Whereas the analyses started with 40 descriptors, based on extensive correlation and selectivity analyses, a subset model based on 18 descriptors was performing better than the model comprising all 40 descriptors. In view of the importance of the taxonomic composition of the set used in the model, it should be pointed out, that this may reflect a taxonomic bias for metazoan sequences that may not be valid for other taxonomic groups, such as, for example plant miRNA hairpins. In the set of 18 most informative descriptors selected, it is remarkable that three descriptors that are generally considered important are not represented: GC content and the MFE randomization descriptors P and Z. GC-content is widely used as a pre-filtering step of in silico miRNA prediction methods , but is not among the 18 descriptors used in the final scoring models. The GC-content showed the highest variability in the (skewed-normal) mean over different taxonomic sets (data not shown), reflecting the apparently large variation in GC-content found among miRNA hairpins from different species. Any scoring model that includes the fitted distribution of GC-content would disqualify hairpin structures in species containing miRNAs with relatively high or low GC-content. Also the descriptors P and Z, based on MFE randomization shown to be significantly lower for miRNAs hairpins than for randomized sequences [37,38], were not among the18 descriptors selected. Although P and Z ranked among the most selective descriptors, they were excluded because of their strong correlation [see Additional file 3] with the most selective descriptor MFEahl index, in which the MFE is adjusted for hairpin length and GC-content.

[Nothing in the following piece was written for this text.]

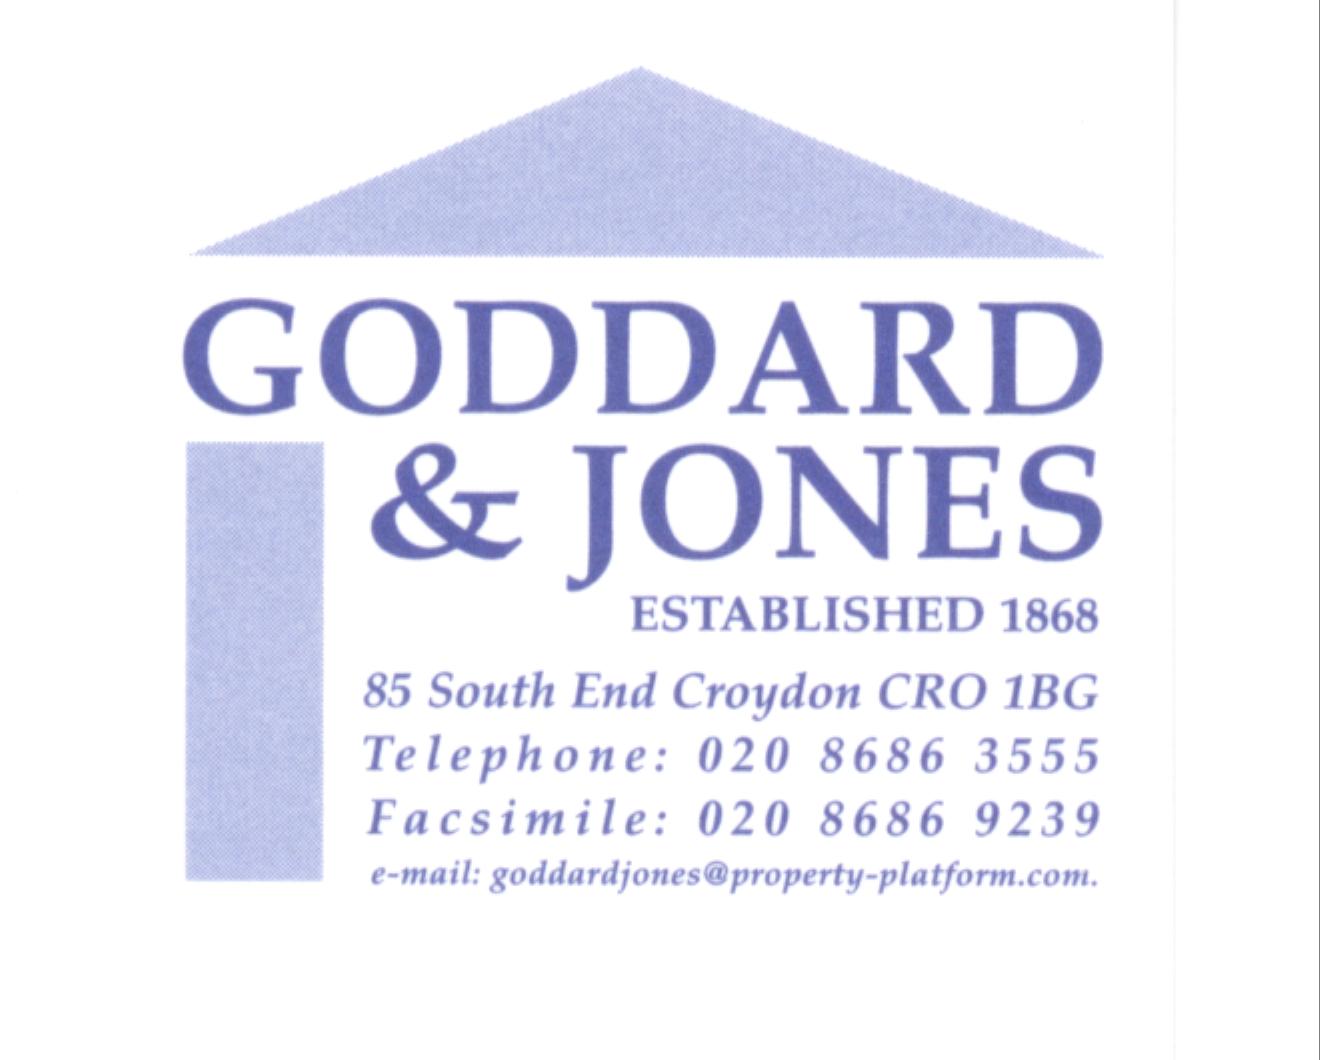 Goddard & Jones

SVMs have similar aims as the L-score strategy and perform well in miRNA classification . In assessing and comparing the performance of different methods, however, several caveats should be considered. First, methods that use evolutionary conservation perform well on conserved miRNAs [25,11] but fail to detect species-specific or fast evolving miRNAs . The importance of the latter should not be underestimated. Second, the particular data set(s) on which the performance is achieved is important to the evaluation and comparison of the results from different methods. Unfortunately, there is no benchmark set of both positive and negative examples of miRNA hairpins available. Many methods are tailored on a specific organism and are likely to perform best in that exact context. Assembling a set of true negative sequences is particularly challenging: hairpins in non-coding RNAs, e.g. the set of tRNAs as used in , are likely to possess different and more diverse hairpin features than miRNA hairpins, whereas a set of genomic hairpins might contain bona fide miRNA hairpins. SVMs explicitly require negative examples for training and testing, whereas the L scoring method uses such a set only for benchmarking purposes. Third, data on prediction performance are not reported consistently in literature. Our method enables reporting of AUC performance as well as sensitivity and specificity values over the entire range of the ROC curve. Comparison with binary classifiers from other methods therefore requires transformation of the continuous outcome to a binary outcome by choosing an arbitrary threshold for L and using the associated sensitivity and specificity values as measure of the performance.
With these caveats in mind, we compared the performance of our method to three leading SVM-based methods miPred , RNAmicro  and miRNA SVM  Note that RNAmicro is based on multiple sequence alignments. Using different positive and negative datasets, these methods report the following values of sensitivity and specificity; 1) MiPred: 86.69% and 97.68%, using 323 human miRNAs as positive and 646 human genomic hairpins as negative set; 2) MiPred: 87.65% and 97.75%, using 1,918 Metazoan, non-human miRNAs as positive and 3,836 human genomic hairpins as negative set; 3) RNAmicro: 90% and 99%, using 147 Metazoan miRNA hairpin alignments as positive and 383 shuffled miRNA hairpin and tRNA alignments as negative set, and; 4) miRNA SVM: 90% and 95%, using 322 human miRNAs as positive and 3,000 random human genomic hairpins as negative set. These performances compare well to the values of 87.26% and 97.02% obtained in the 10 fold-cross validated performance of our L score model, using 203 Metazoan miRNA hairpins as positive and 200,000 randomly selected genomic hairpins from C. elegans as negative set. The performance of the L scoring model is most similar to that of miPred, which does not include sequence conservation as a parameter. An analysis of the performance of our model on sets of genomic hairpins other than those derived for the C. elegans genome is provided as Additional file [see Additional file 9].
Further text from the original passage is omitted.